Artystki zwykle chronią przed ciekawskimi swoje daty urodzenia. Delfina była w tej kwestii mistrzynią.

Fot. YouTube

Kiedyś wypełniała w teatralnym dziale kadr jakąś ankietę, podając datę urodzenia, z której wynikało, że urodziła swego jedynego syna Jacka, mając… 2 lata! Wezwana do mnie dowiedziała się, że jeśli nie skoryguje zeznania, to zawiadomię milicję, bo fałszowanie danych jest przestępstwem. Sprostowała, ale okazało się, że wpisała nową datę, z której wynikało, że urodziła Jacka, mając lat… 5!

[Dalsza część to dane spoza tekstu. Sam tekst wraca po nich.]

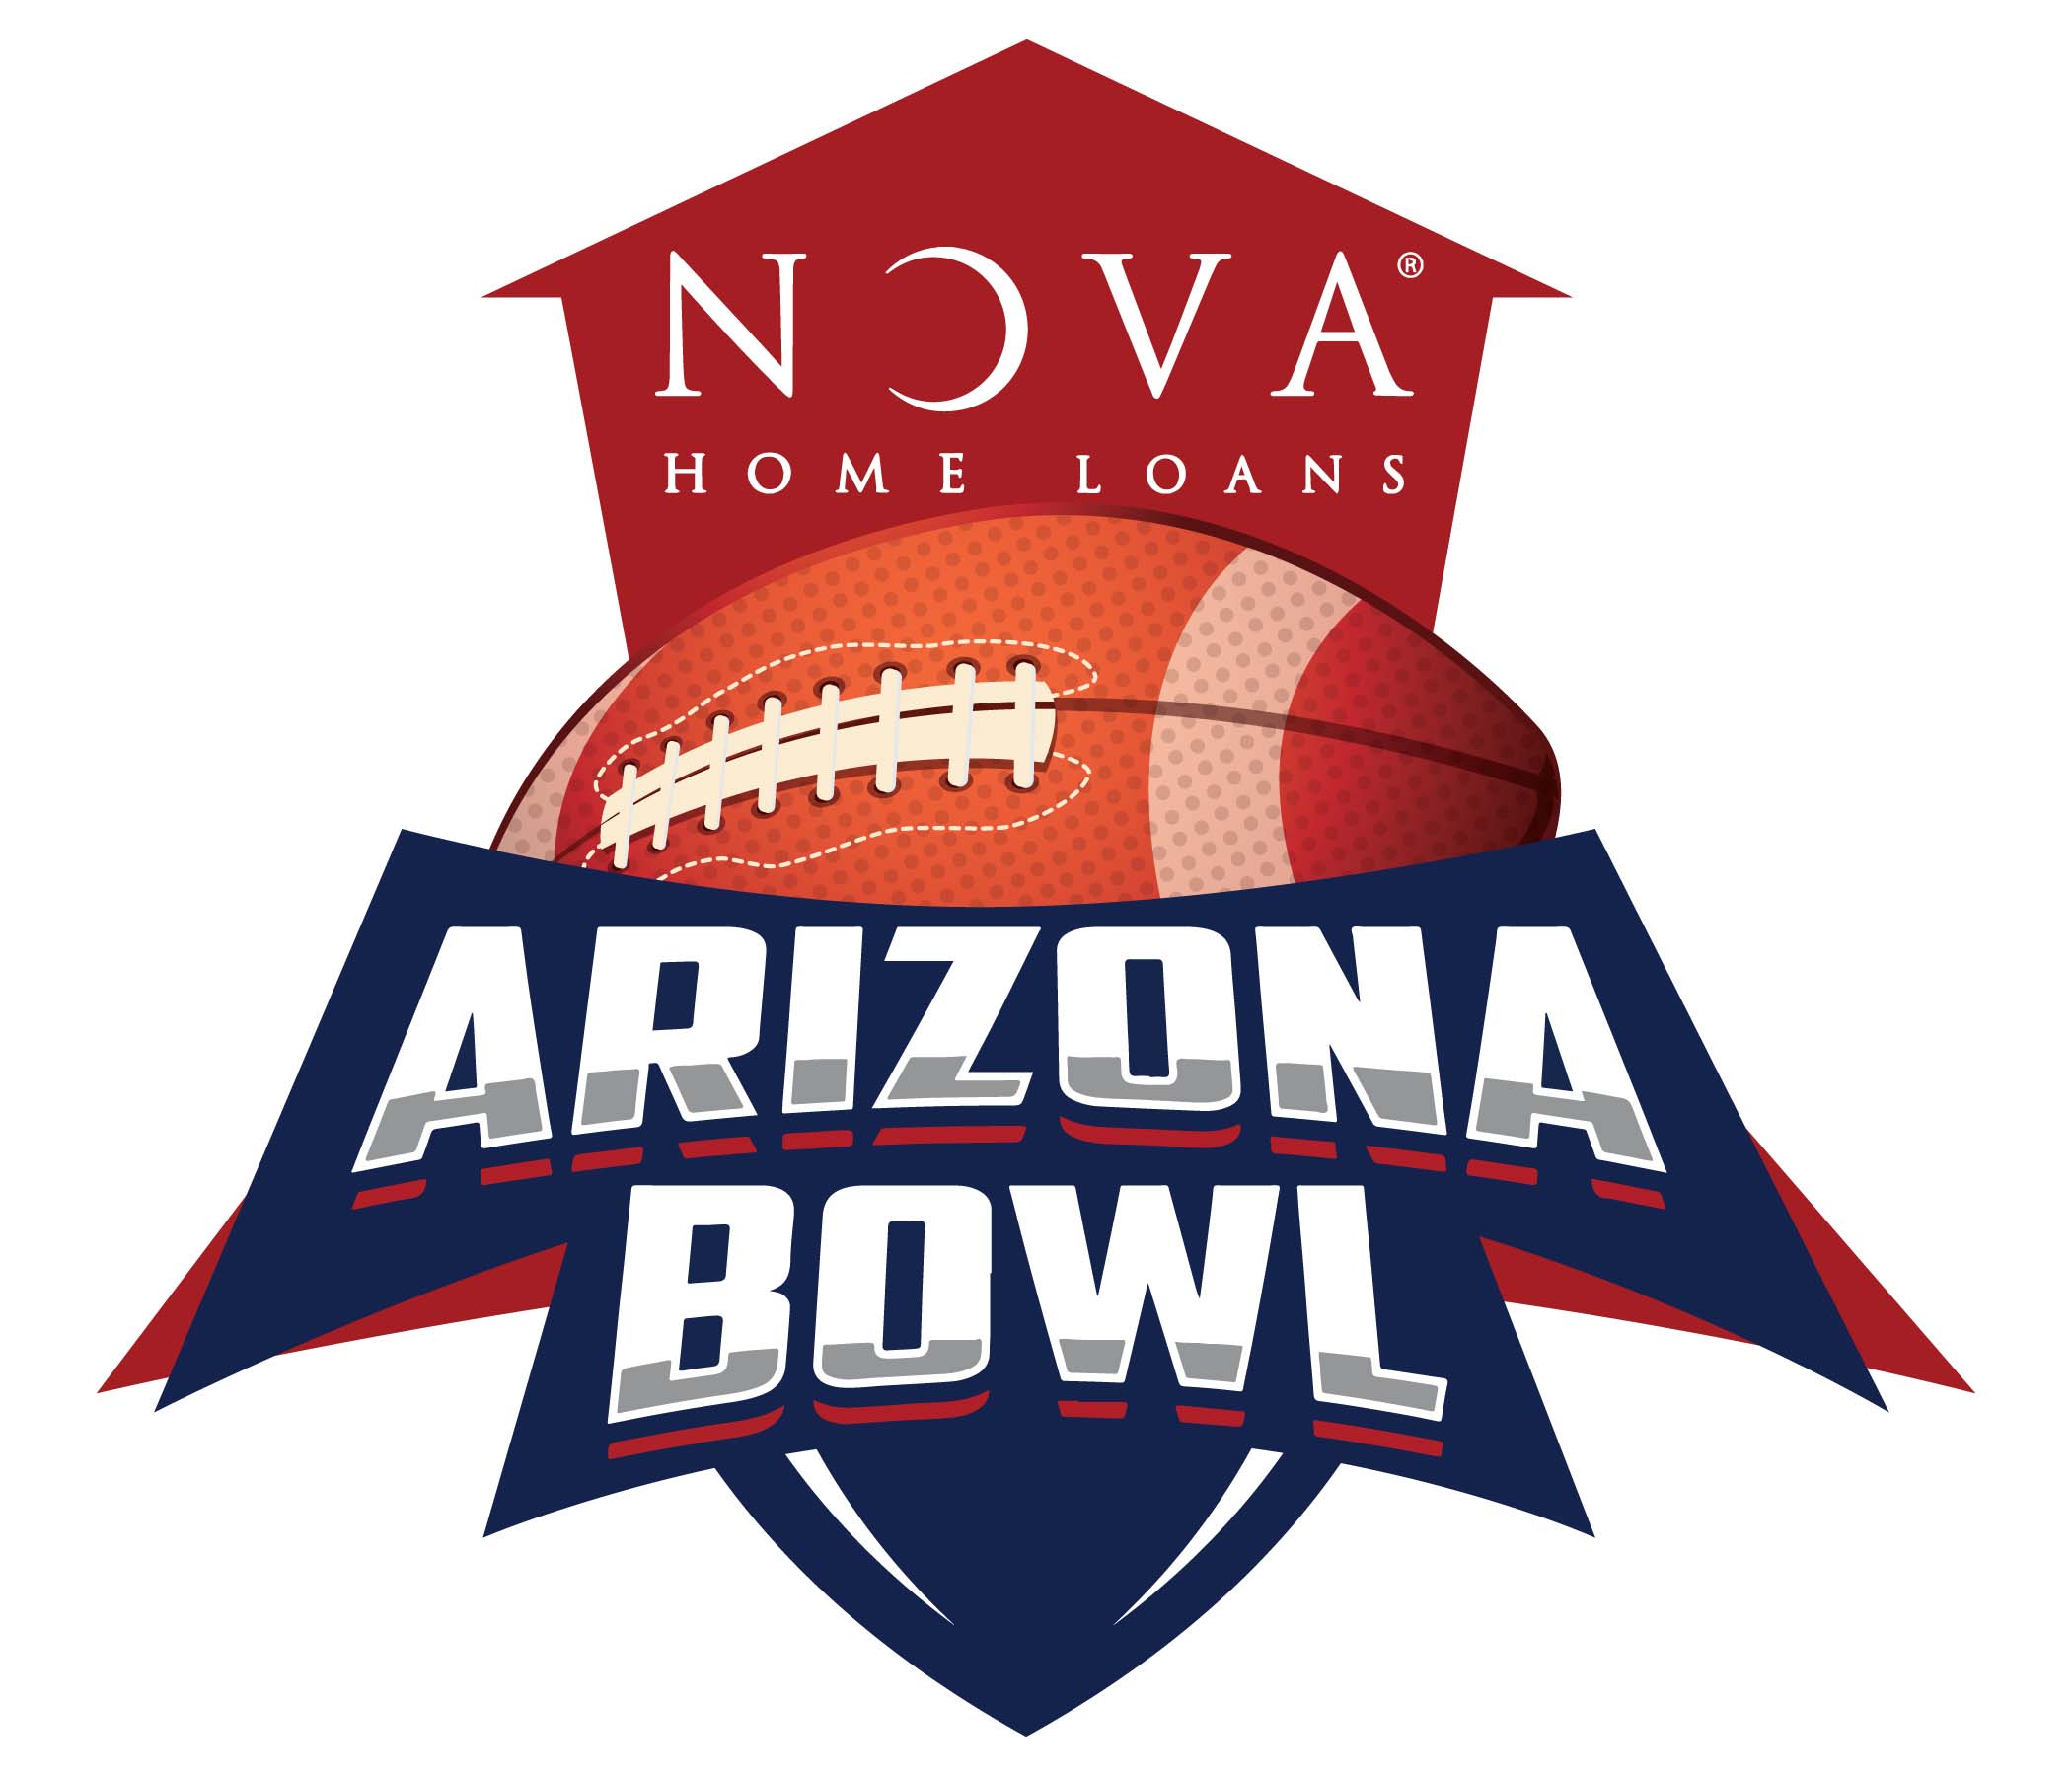 NOVA Home Loans Arizona Bowl logo

Dysponowała niezawodnym sprytem, a jednocześnie posiadała wspaniałe poczucie humoru. Zdarzyło się kiedyś, że zaśpiewała Cyganerię w nie najlepszej formie. Kiedy po przedstawieniu wychodziliśmy razem z teatru, Delfina, aby odwrócić uwagę od mankamentów przedstawienia, omijając wykopy ziemne wokół gmachu teatru, krzyczała do mnie: – Czego tu szukają, grzebiąc ciągle w trotuarach?! – Może twojego wysokiego C w finale pierwszego aktu? – zasugerowałem znienacka. Zamiast się oburzyć, wybuchnęła tylko długo niemilknącym śmiechem. Była pięknogłosą, urodziwą, utalentowaną muzycznie i aktorsko śpiewaczką.

Całą swą długoletnią karierę poświęciła Łodzi, gdzie otrzymała dyplom fakultetu wokalnego, podpisany przez prof. Grzegorza Orłowa i na początku lat sześćdziesiątych zadebiutowała w karkołomnej koloraturowej partii tytułowej w operze Delibesa Lakme. Na łódzkiej scenie operowej zaśpiewała ponad 40 partii operowych, począwszy od mozartowskiej Fiordiligi, Paminy, Hrabiny i Donny Elwiry, po verdiowską Violettę i Gildę, a następnie Micaelę, Eudoksję, Mimi, Agatę, Małgorzatę, Manon, Mefistofelesa, aż po dzieła współczesne, takie jak Julietta Martinů i Kynolog w rozterce Czyża.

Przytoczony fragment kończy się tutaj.